WORK TO COMPLETE ▸
From the line containing "Package delivery network" through the last line of the data, both ends included, write out every line exactly; omit the pictures.
___ DATA BELOW ___
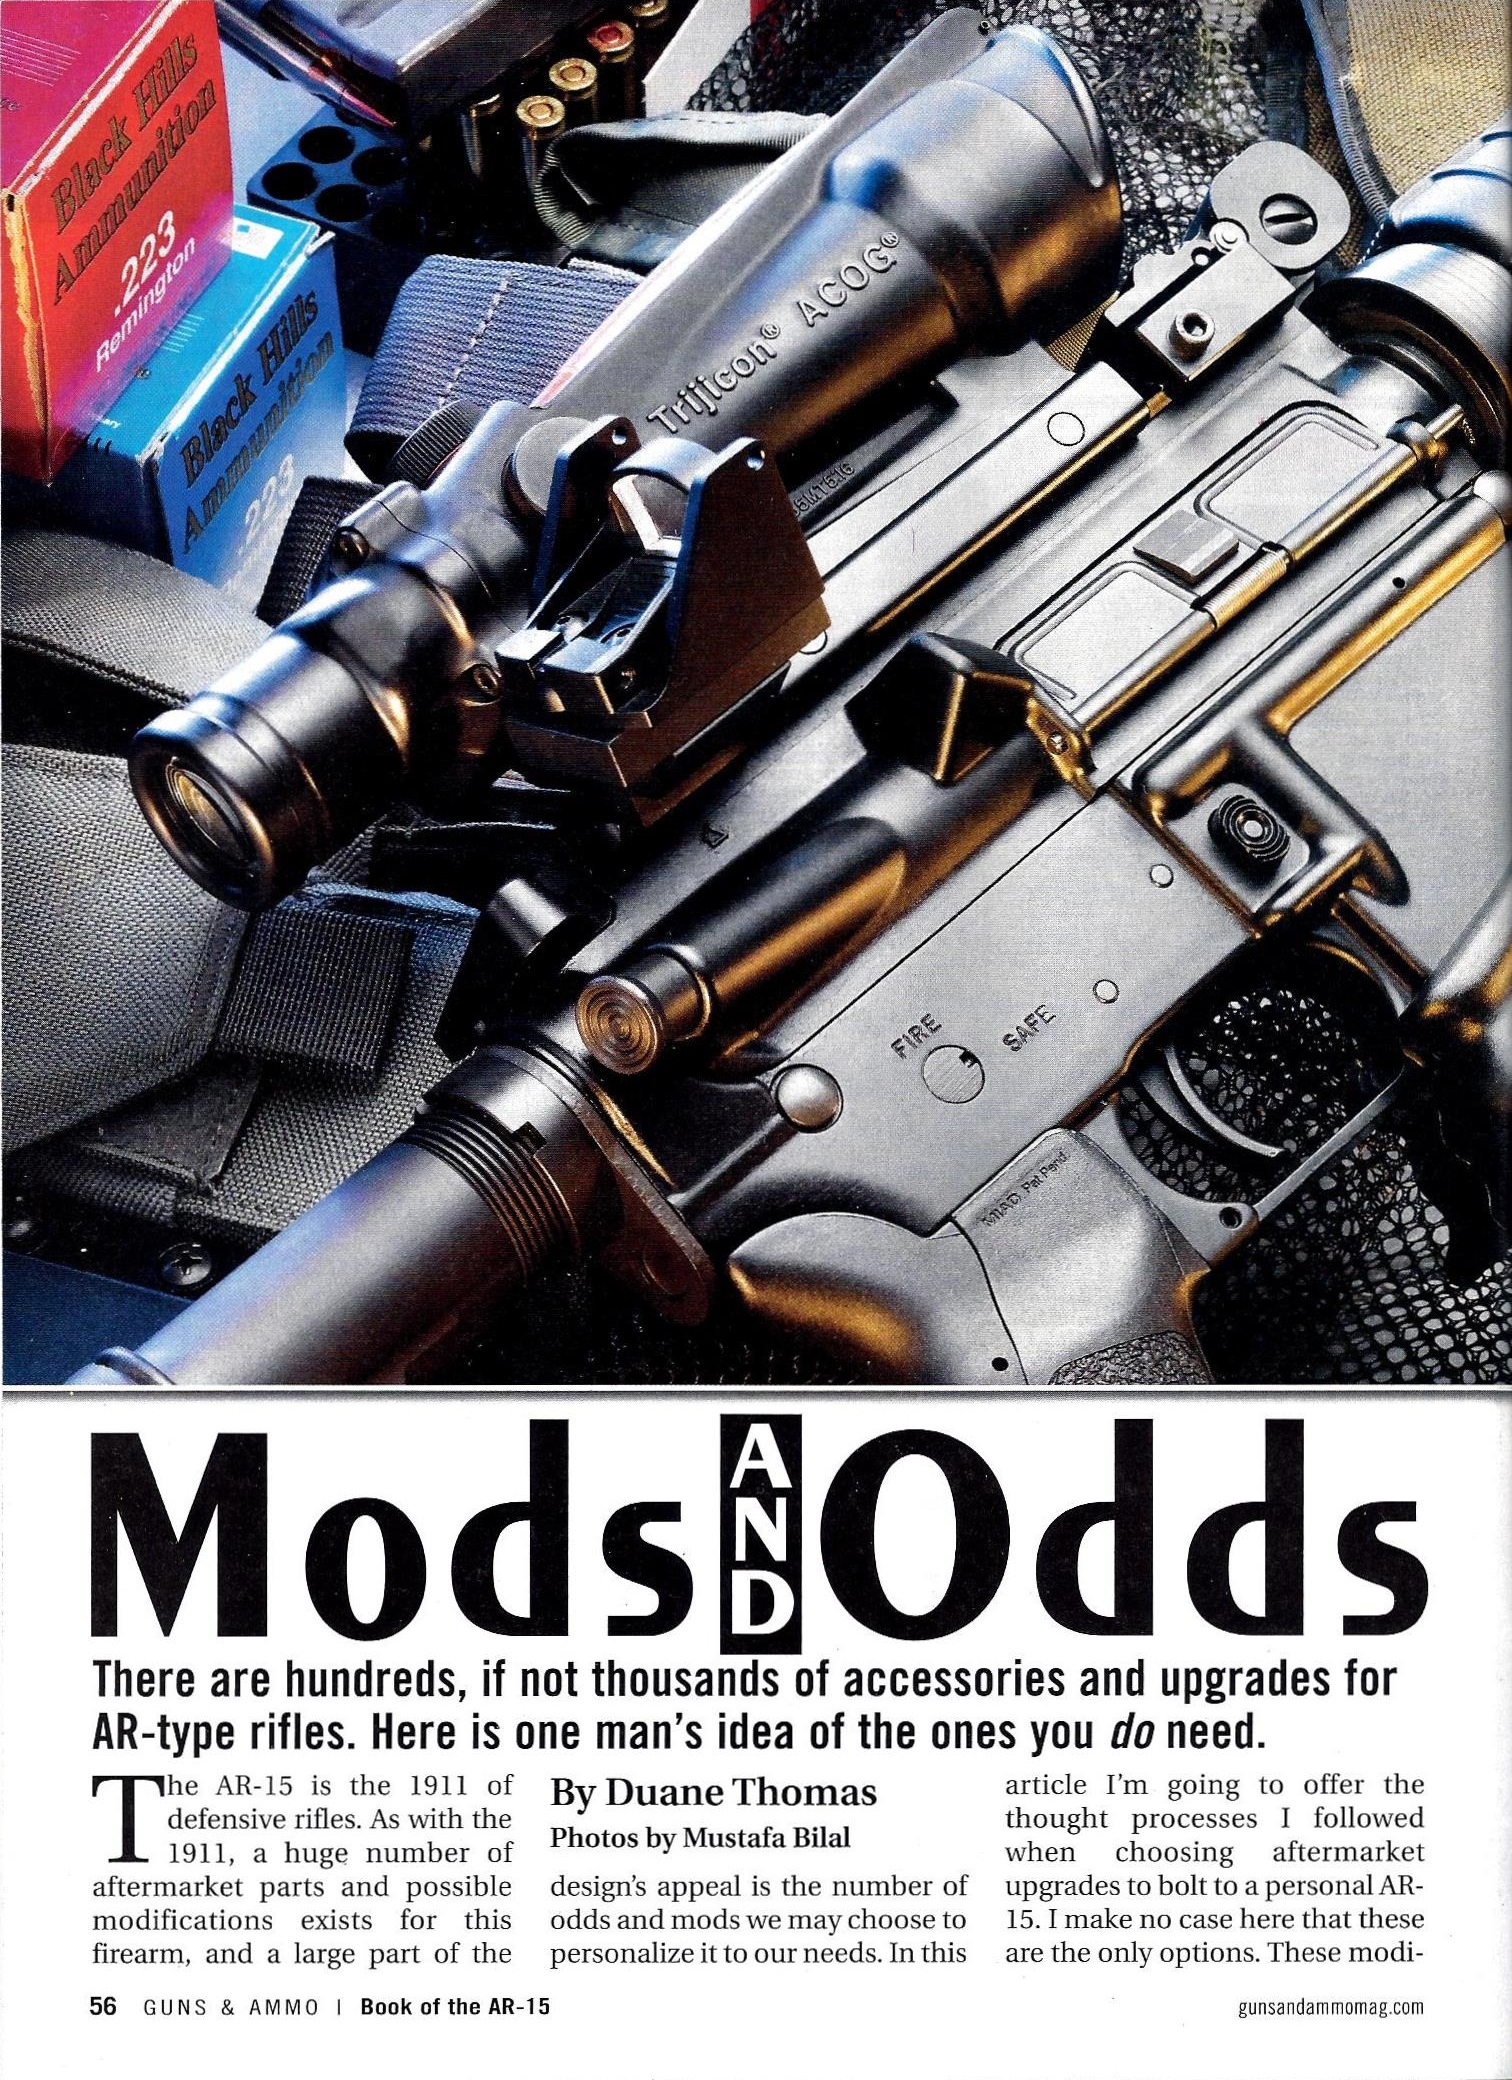 mods-and-odds-1
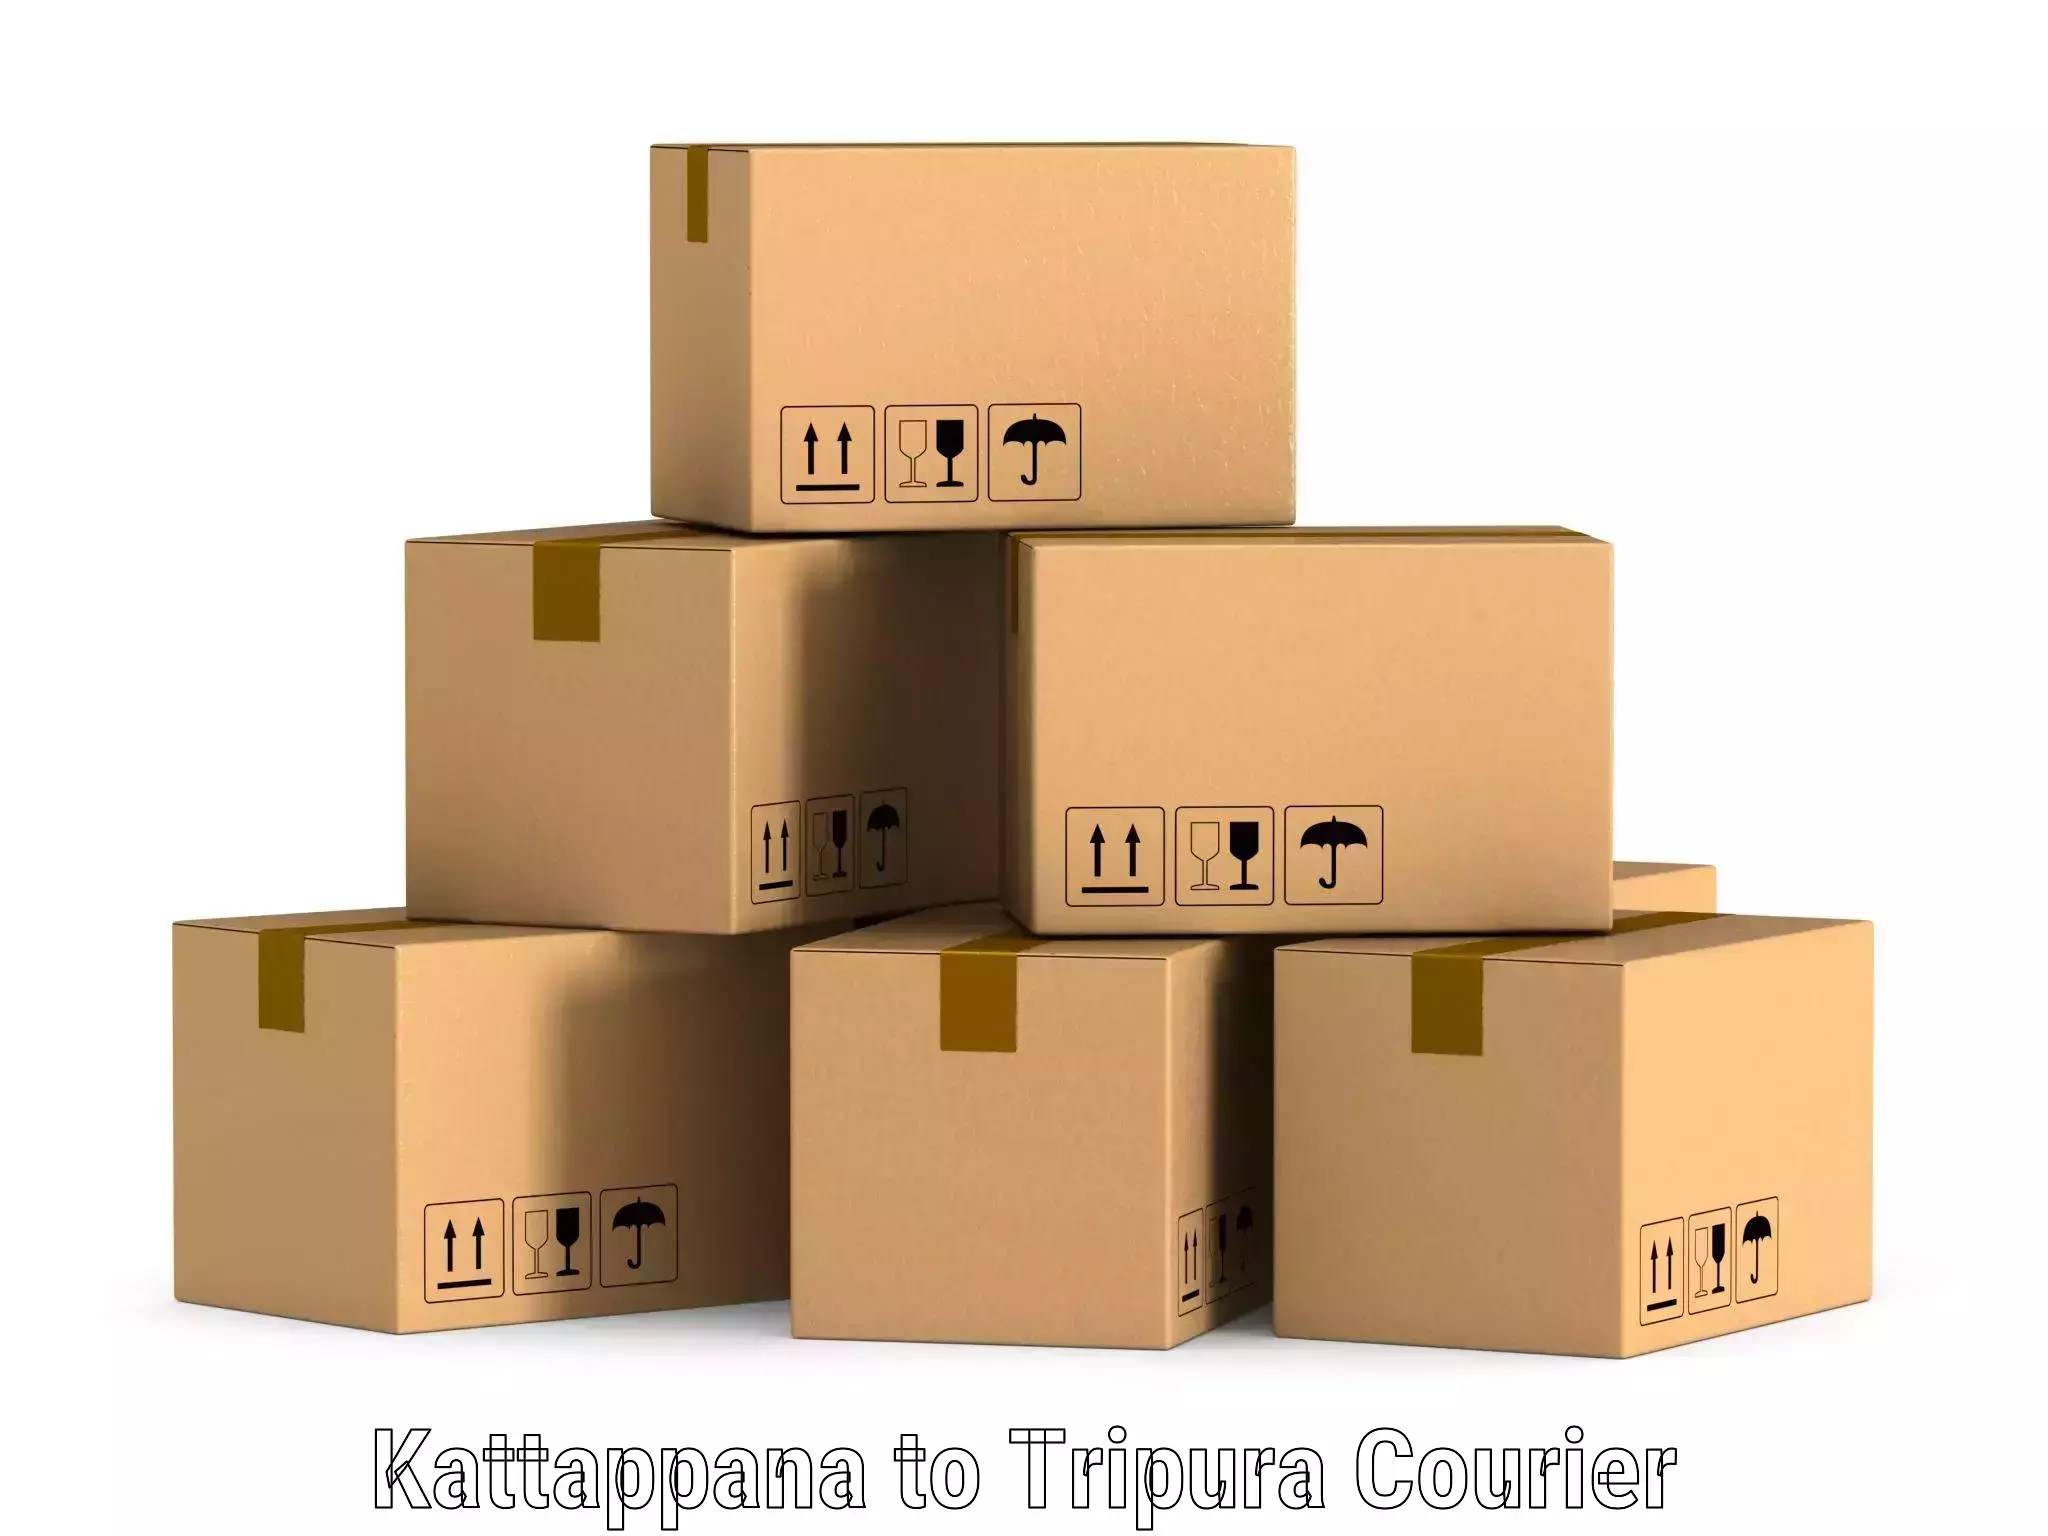 Package delivery network Kattappana to Amarpur
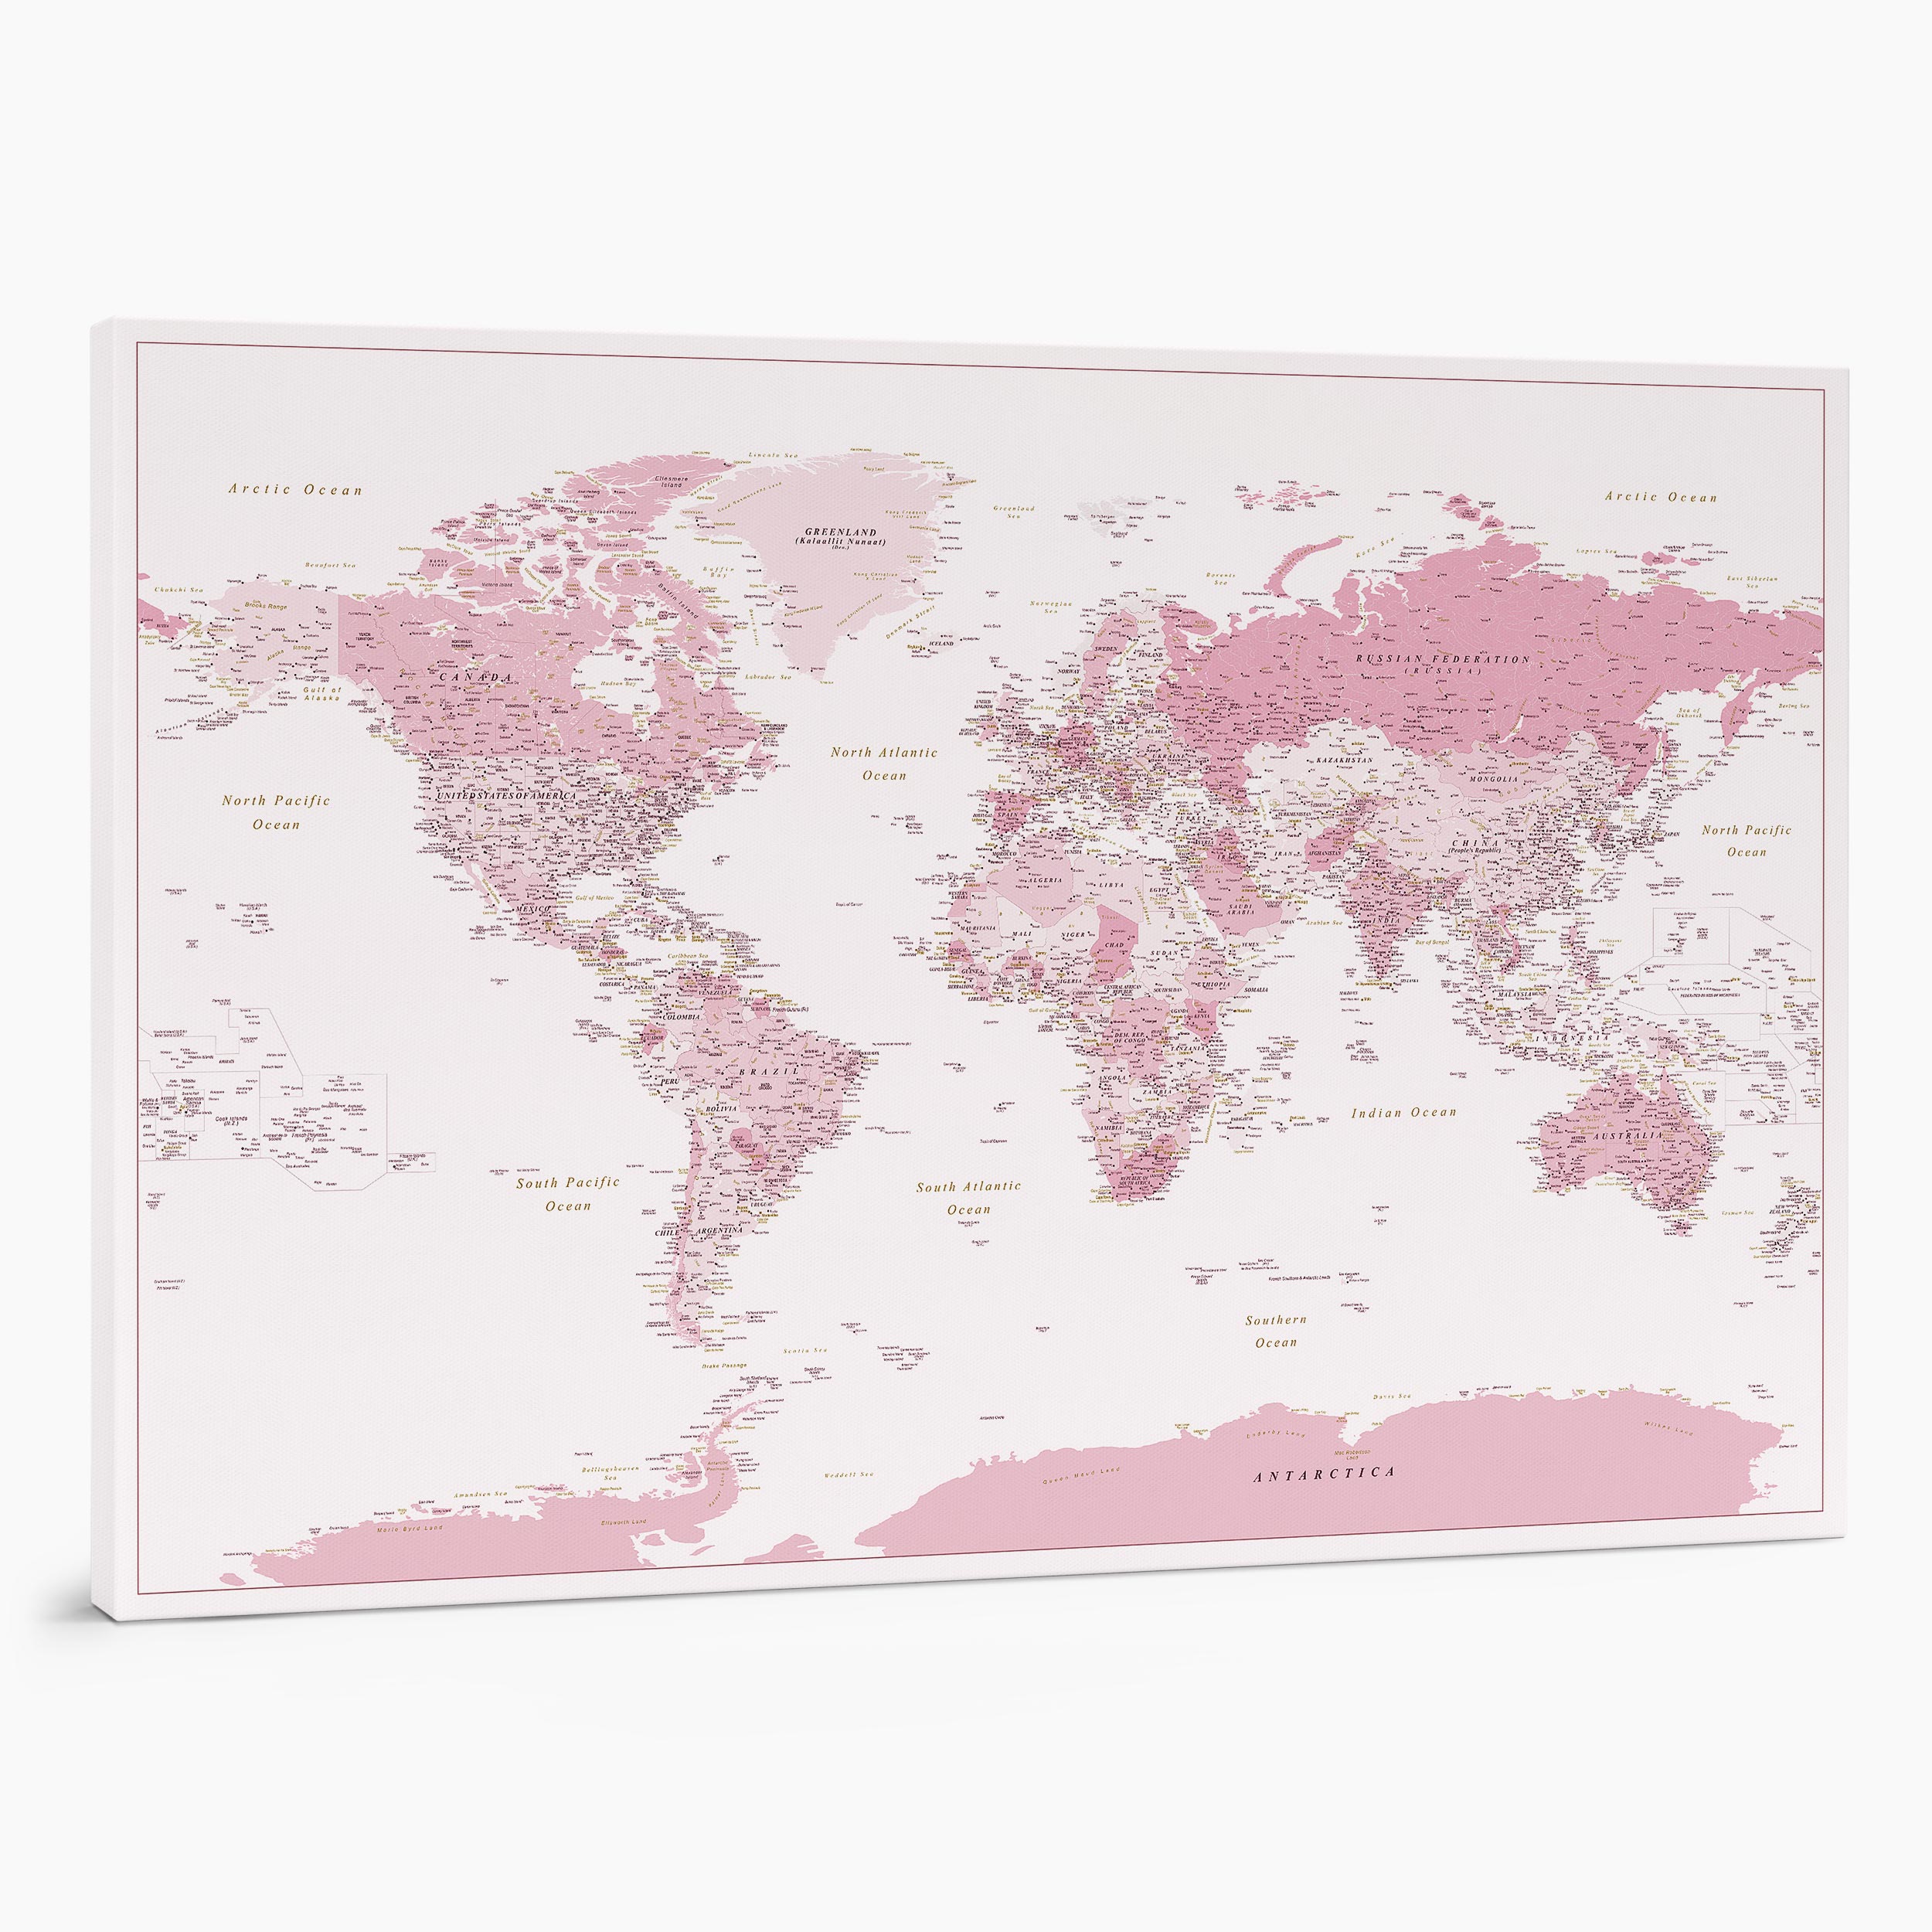 12P large push pin world map to track places visited on canvas pink
___
ANSWER TO THIS PROBLEM ▸
 Package delivery network Kattappana to Amarpur
 12P large push pin world map to track places visited on canvas pink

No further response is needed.